The tensor.cuda() call is very slow. I am using Torch 1.1.0 and Cuda 10.0. Interestingly the call for 5 different tensors, ranging between (1,3,400,300) to (1,3,800,600) varies from 0.003 to1.48 seconds.
Isn’t this should be fast because of same memory shared by gpu and cpu?
Is there any way to speed it up?
Hi @pranay731, is it the very first call to tensor.cuda()
that is taking the longest?
In my experience, the first time you use GPU in torch, it can take a bit of extra time to initialize.
Hi @dusty_nv
Its not the first call. I am copying these tensors after copying the model.
Moreover, the first tensor takes least time, also being the smallest. I thought it may be storage issue or some thing, but almost 2 GB of memory is always unused. And I also tried deleting the previous tensor before copying the next one, still same results.
I don’t believe PyTorch takes advantage of CUDA zeroCopy memory, so it may be allocating the CUDA device memory and then performing cudaMemcpy()
operations.
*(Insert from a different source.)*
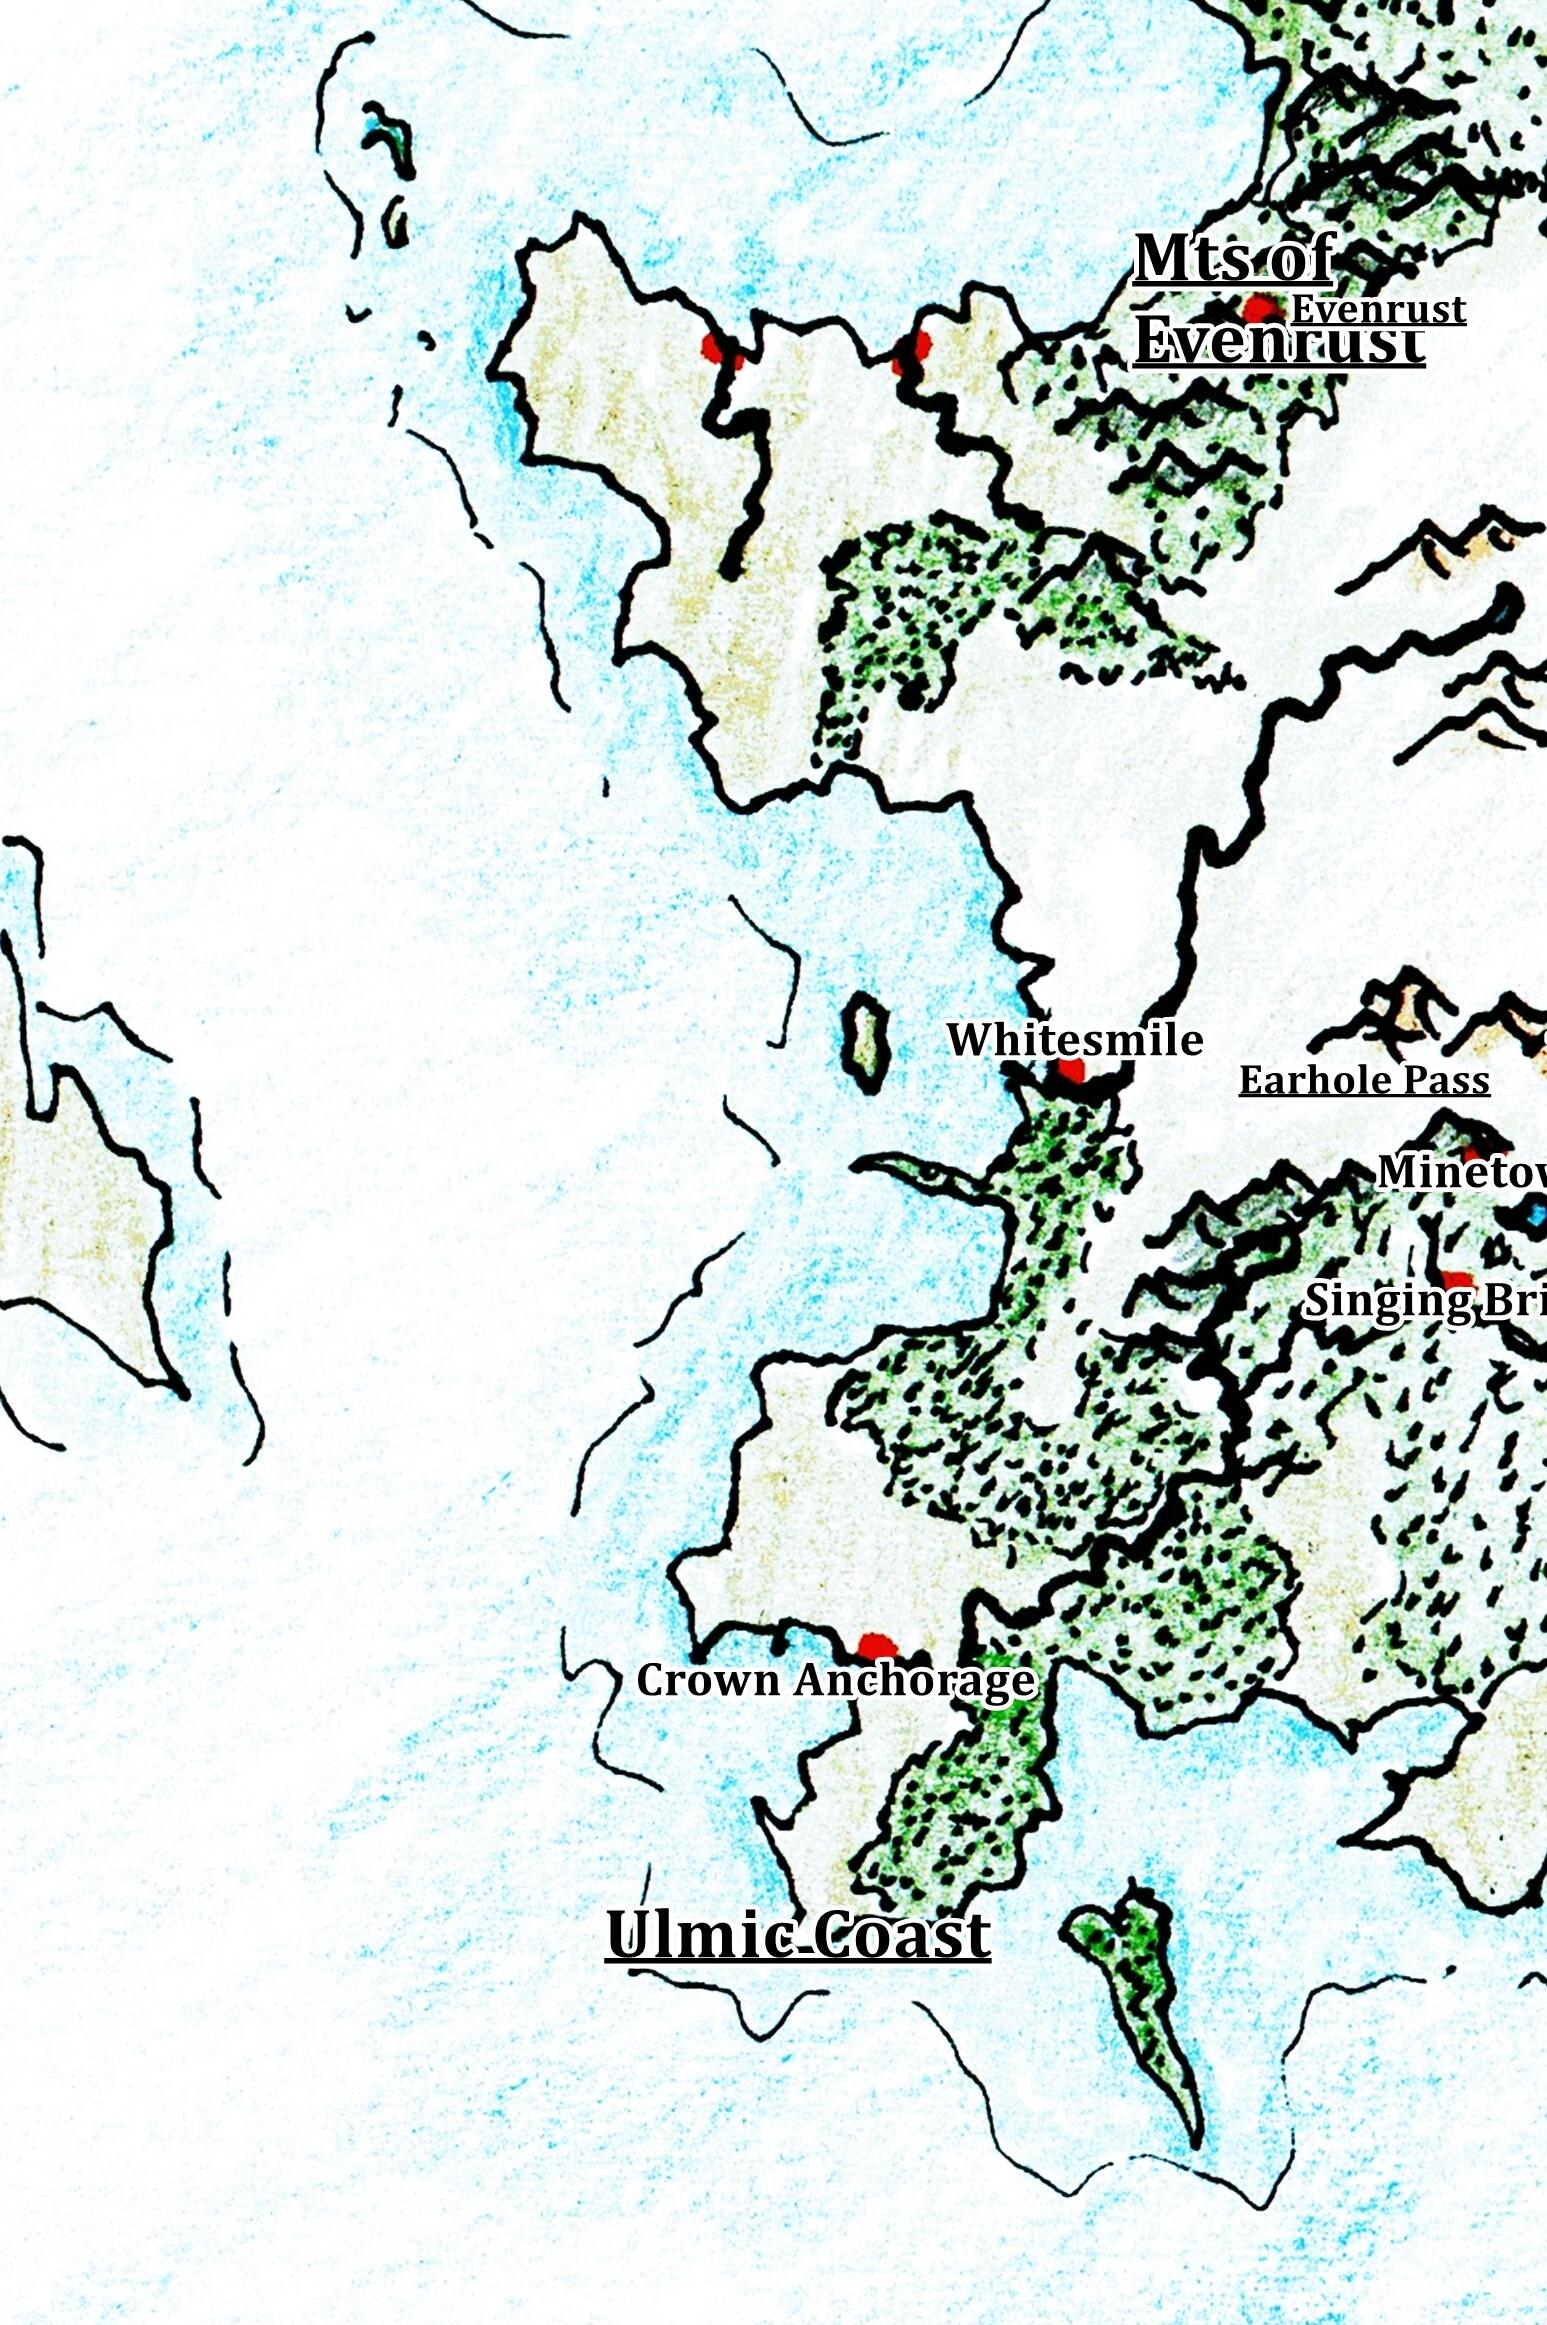 Crown Anchorage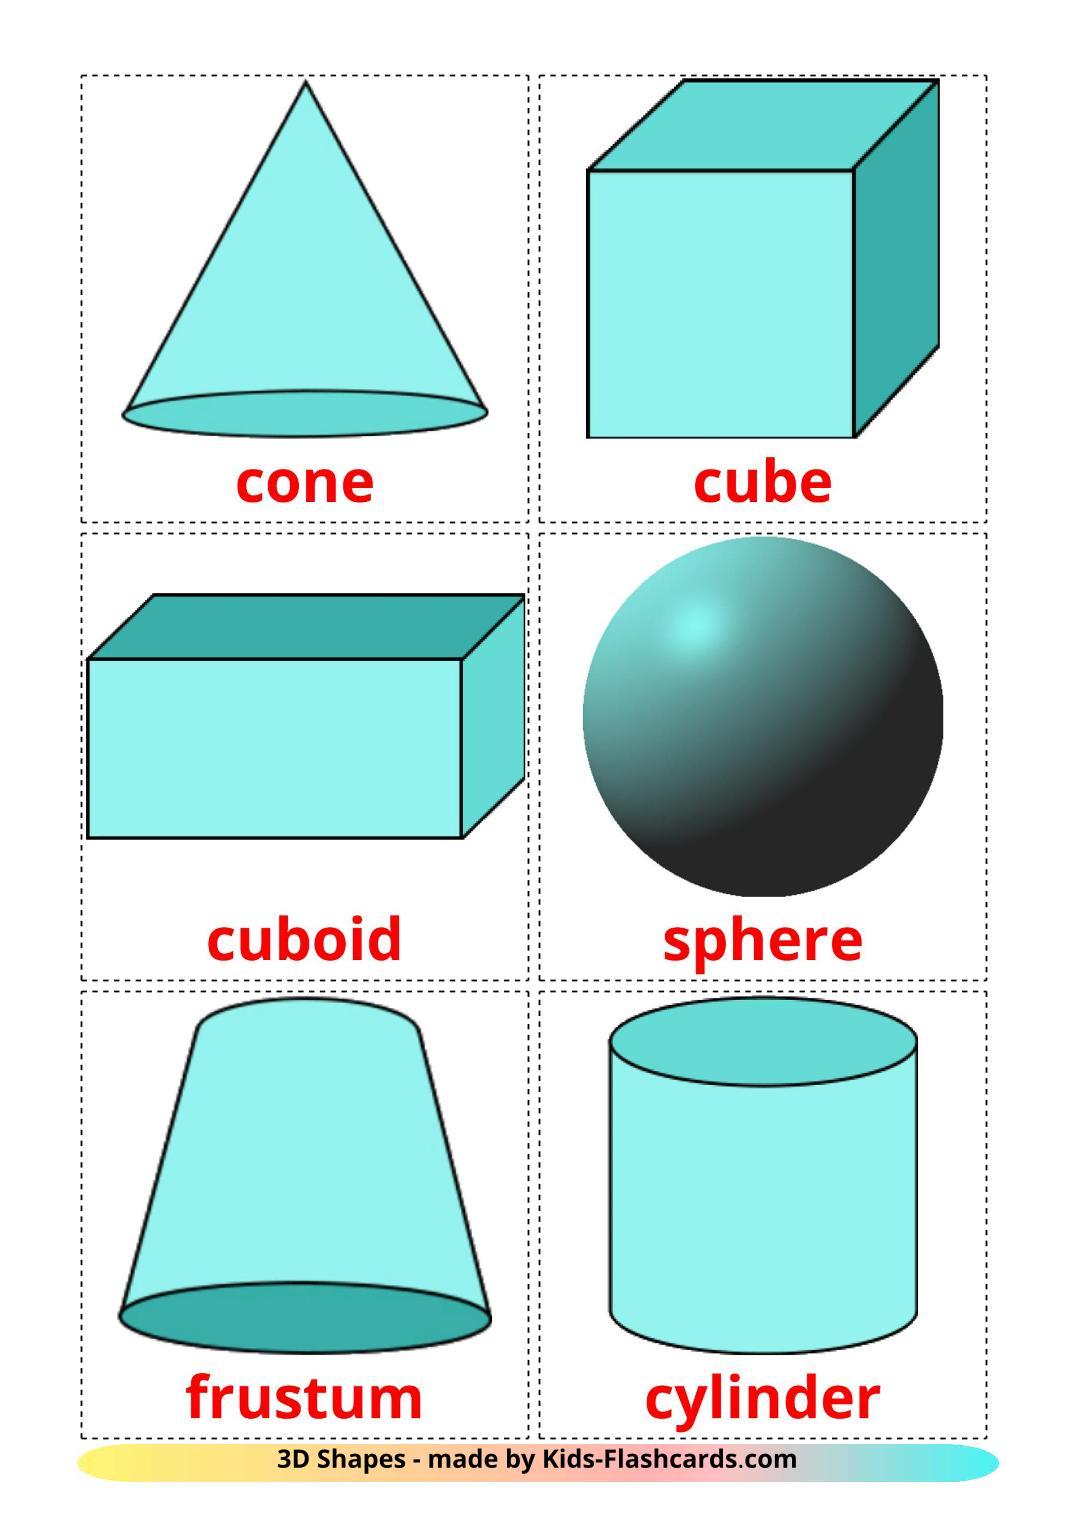 3D Shapes - 17 Free Printable english Flashcards

PyTorch does however support pinned memory for fast CPU<->GPU memory copies.
In case the clocks have gone idle, have you tried running sudo jetson_clocks
beforehand?
Thanks for the help.
I already put the mode to all cores max at the drop down menu on the top right corner beside clock. Both are same or jetson_clocks will do something more?
The drop-down menu sets the nvpmodel, which sets the min/max clock frequencies and the number of CPU cores that are online. Frequency scaling is still enabled, which dynamically scales the frequencies at runtime based on workload.
jetson_clocks
disables frequency scaling, and locks the clocks to their maximums for the current nvpmodel. So they do different things.
Also, while running your pytorch script, do you get any kernel log messages from dmesg?